_INFORMATION SHOWN_
┄┄┄┄┄┄
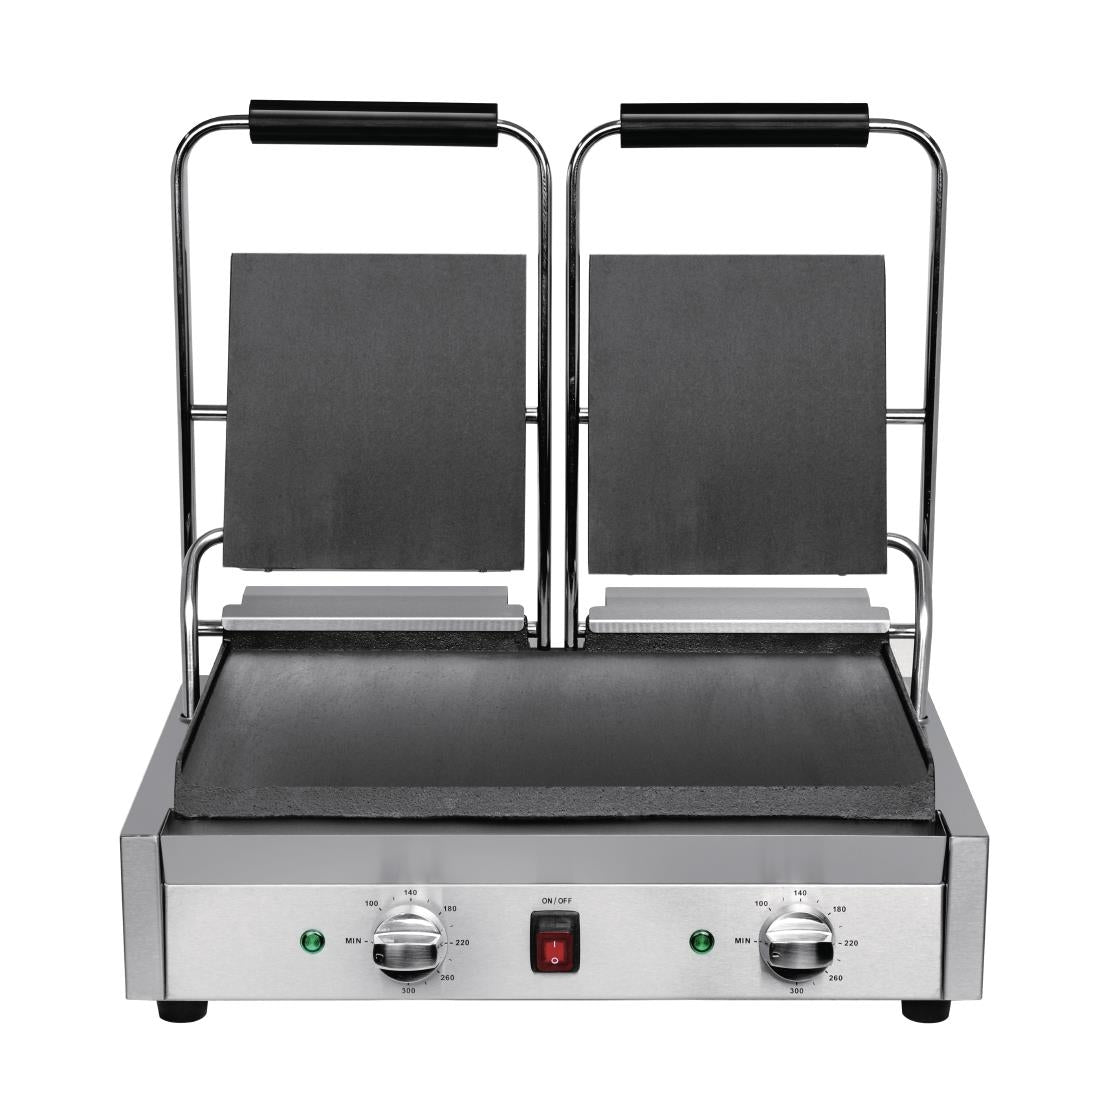 Apuro Bistro Double Contact Grill - Flat/Flat - 15amp
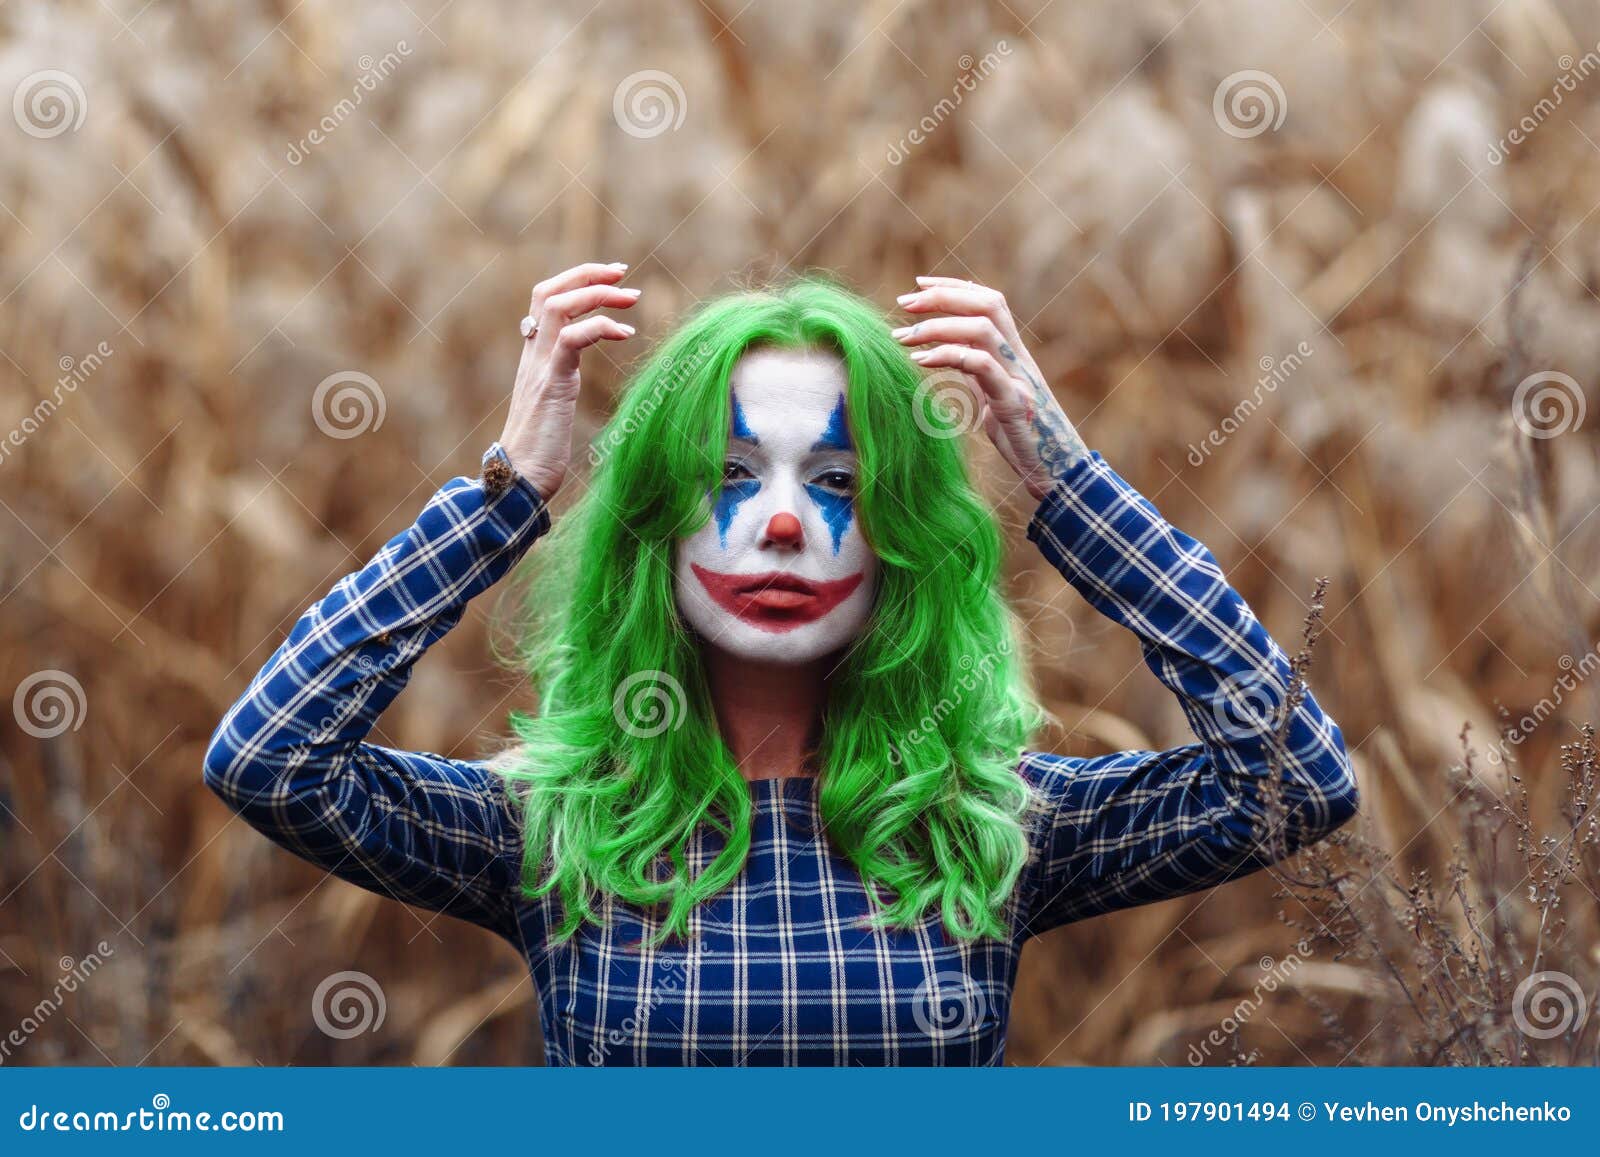 Portrait of a Greenhaired Girl with Joker Makeup on a Orange ...
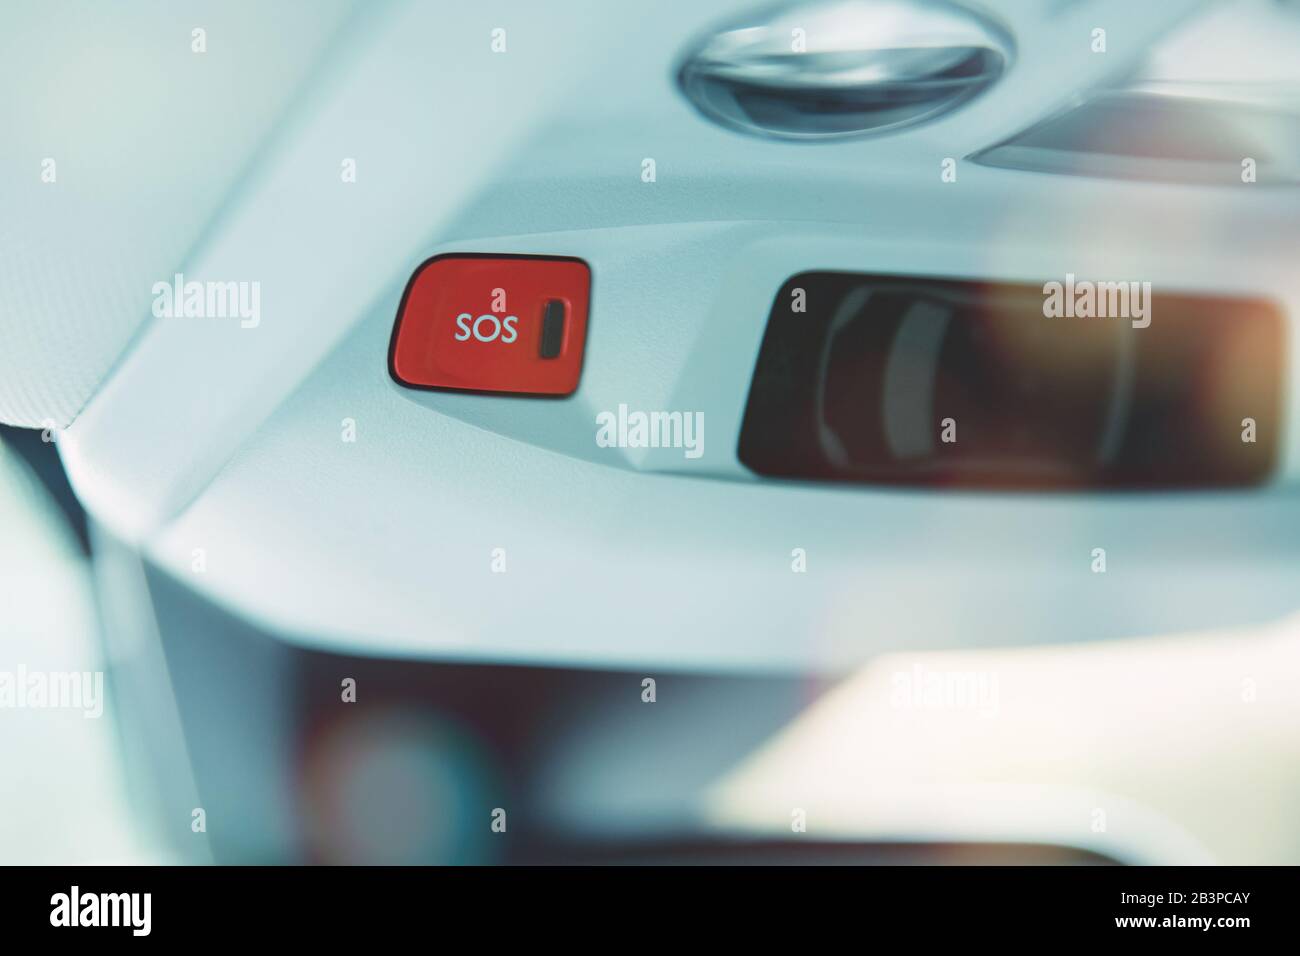 SOS sign in modern car designed to call for help after car accident Stock Photo
┄┄┄┄┄┄
_BRIEF_
Extract, word for word, each line from the one that contains "Portrait of a" through the final line of the data above. Leave the pictures out.

_SOLUTION FOR THIS EXERCISE_
 Portrait of a Greenhaired Girl with Joker Makeup on a Orange ...
 SOS sign in modern car designed to call for help after car accident Stock Photo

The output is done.